== DATA SHOWN ==

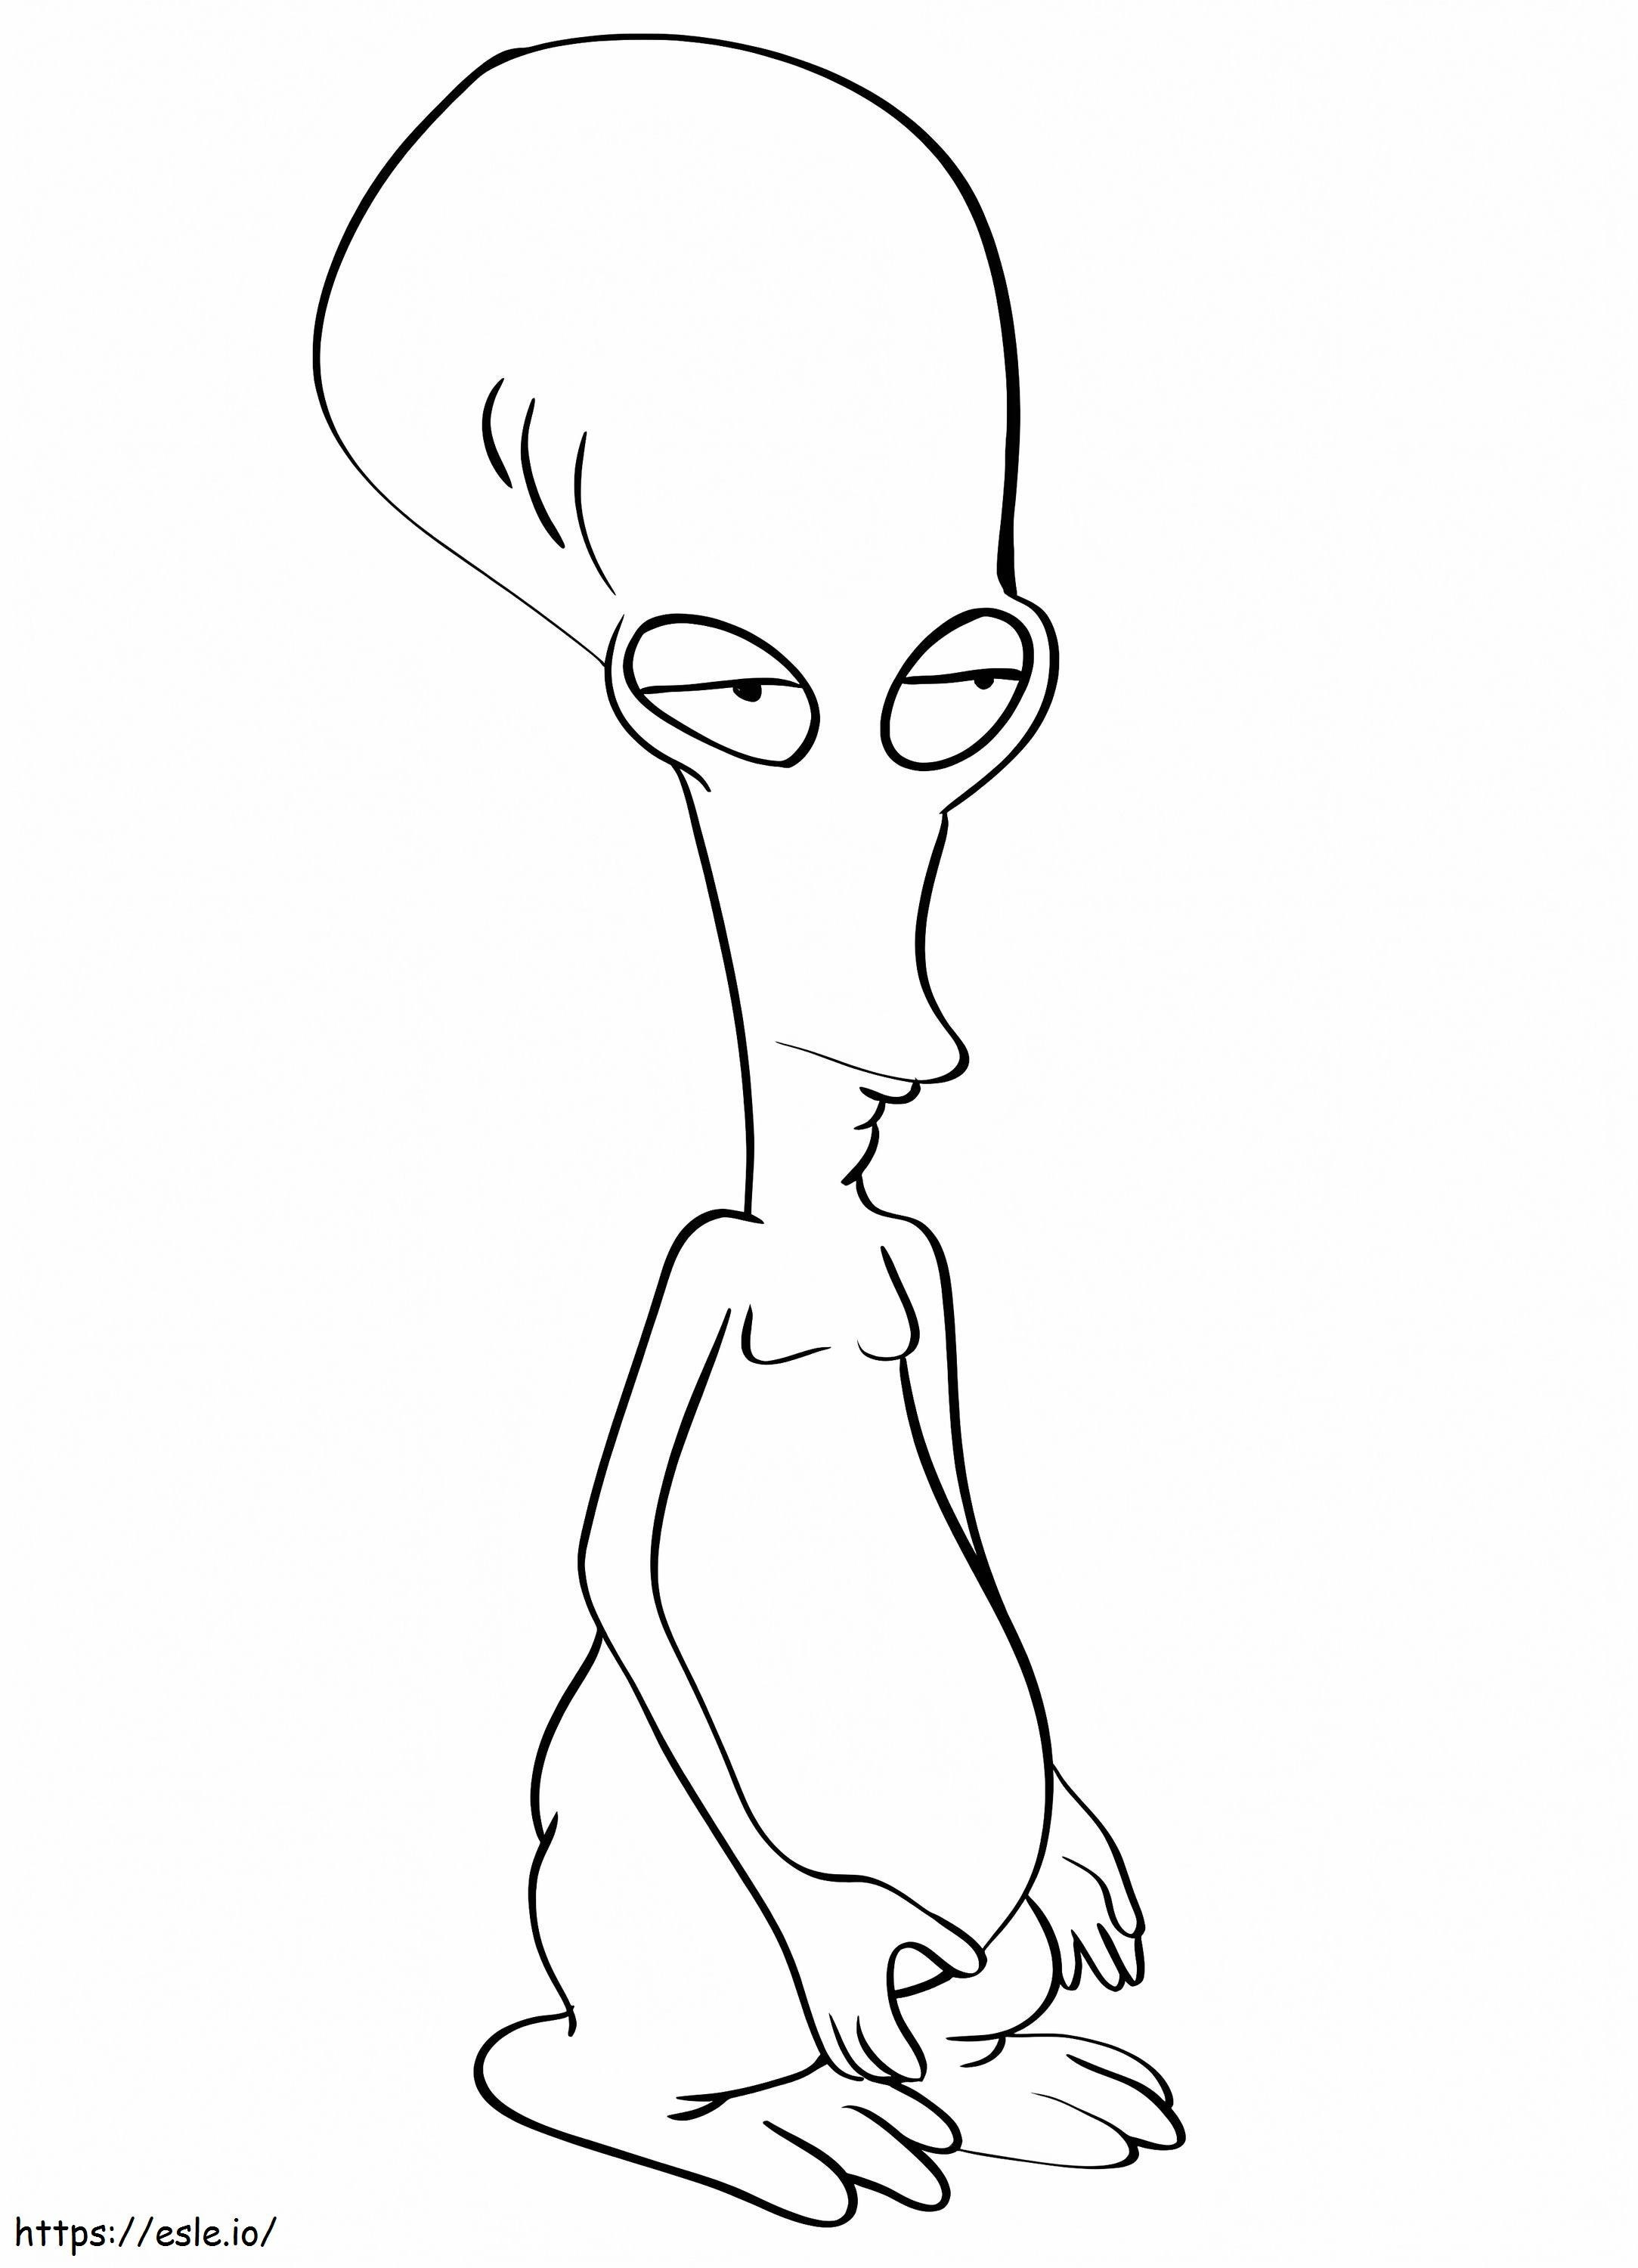 Alien Roger Smith coloring page
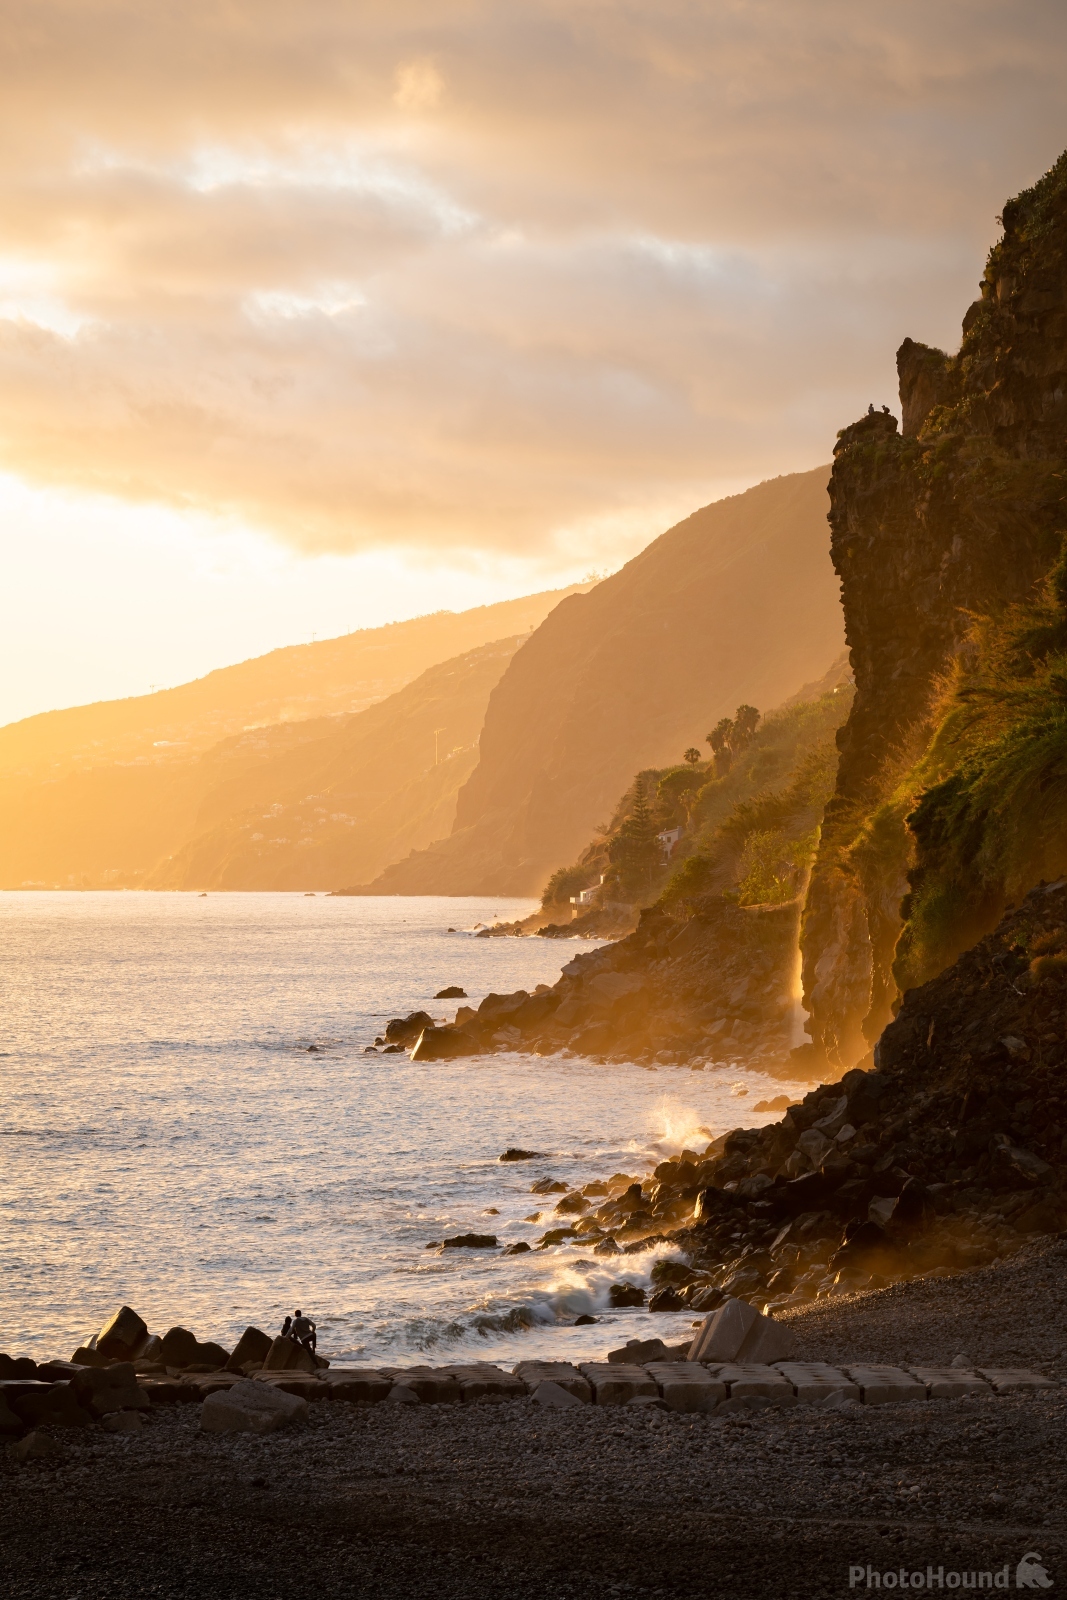 Image of Ponta do Sol Seascape, Madeira by VOJTa Herout
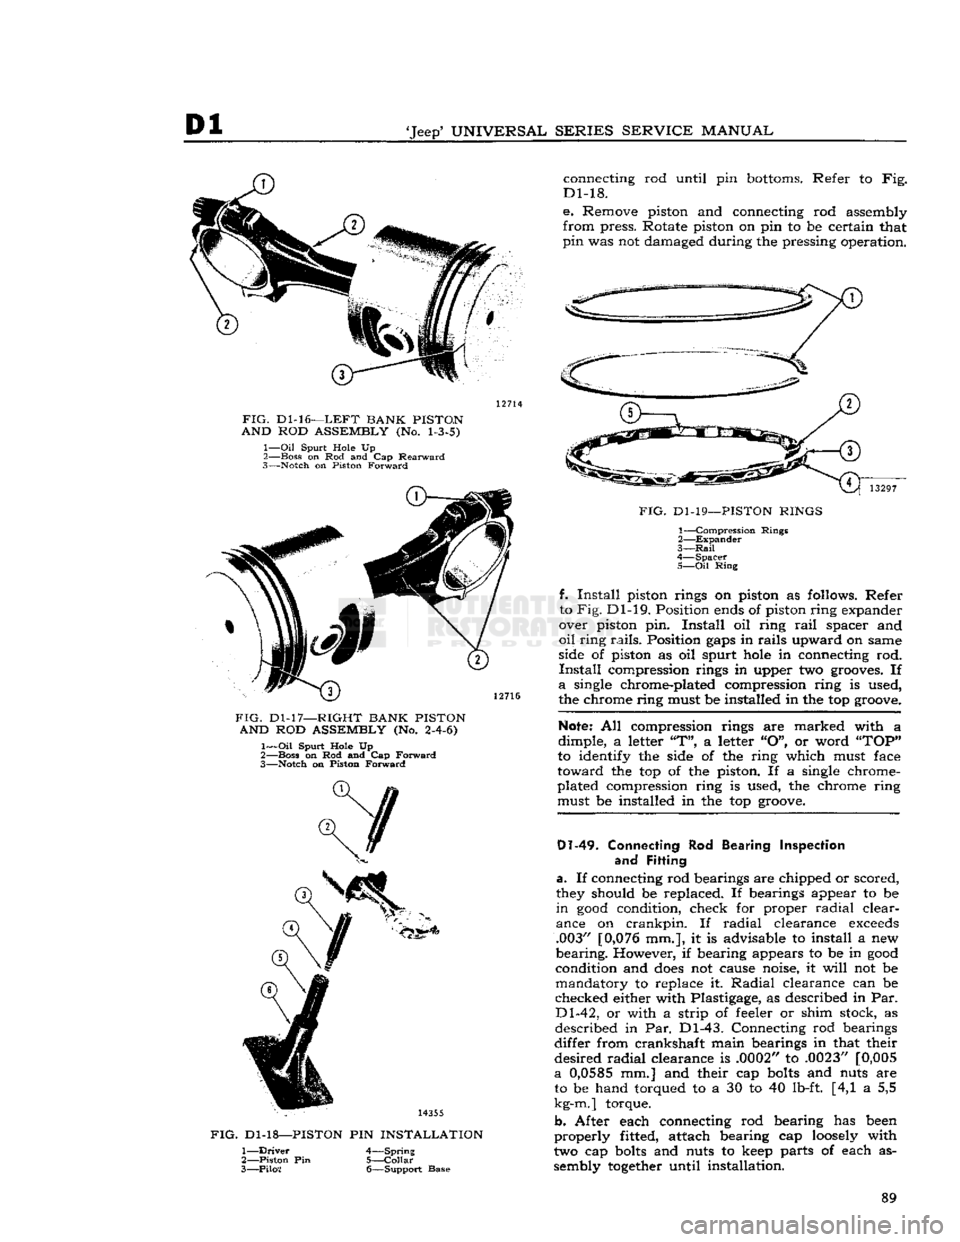 JEEP CJ 1953 Workshop Manual 
Dl 

Jeep5
 UNIVERSAL
 SERIES
 SERVICE
 MANUAL 

FIG.
 Dl-16—LEFT
 BANK
 PISTON 

AND
 ROD
 ASSEMBLY
 (No.
 1-3-5) 

1—
 Oil
 Spurt Hole Up 
2— Boss on Rod and Cap
 Rearward 

3—
 Notch on P

===

= TASK =
Although the records above contain pictures, your copy should give only their text, exactly as written.

= RESPONSE AREA =
 Alien Roger Smith coloring page
 Image of Ponta do Sol Seascape, Madeira by VOJTa Herout
 JEEP CJ 1953 Workshop Manual 
Dl 

Jeep5
 UNIVERSAL
 SERIES
 SERVICE
 MANUAL 

FIG.
 Dl-16—LEFT
 BANK
 PISTON 

AND
 ROD
 ASSEMBLY
 (No.
 1-3-5) 

1—
 Oil
 Spurt Hole Up 
2— Boss on Rod and Cap
 Rearward 

3—
 Notch on P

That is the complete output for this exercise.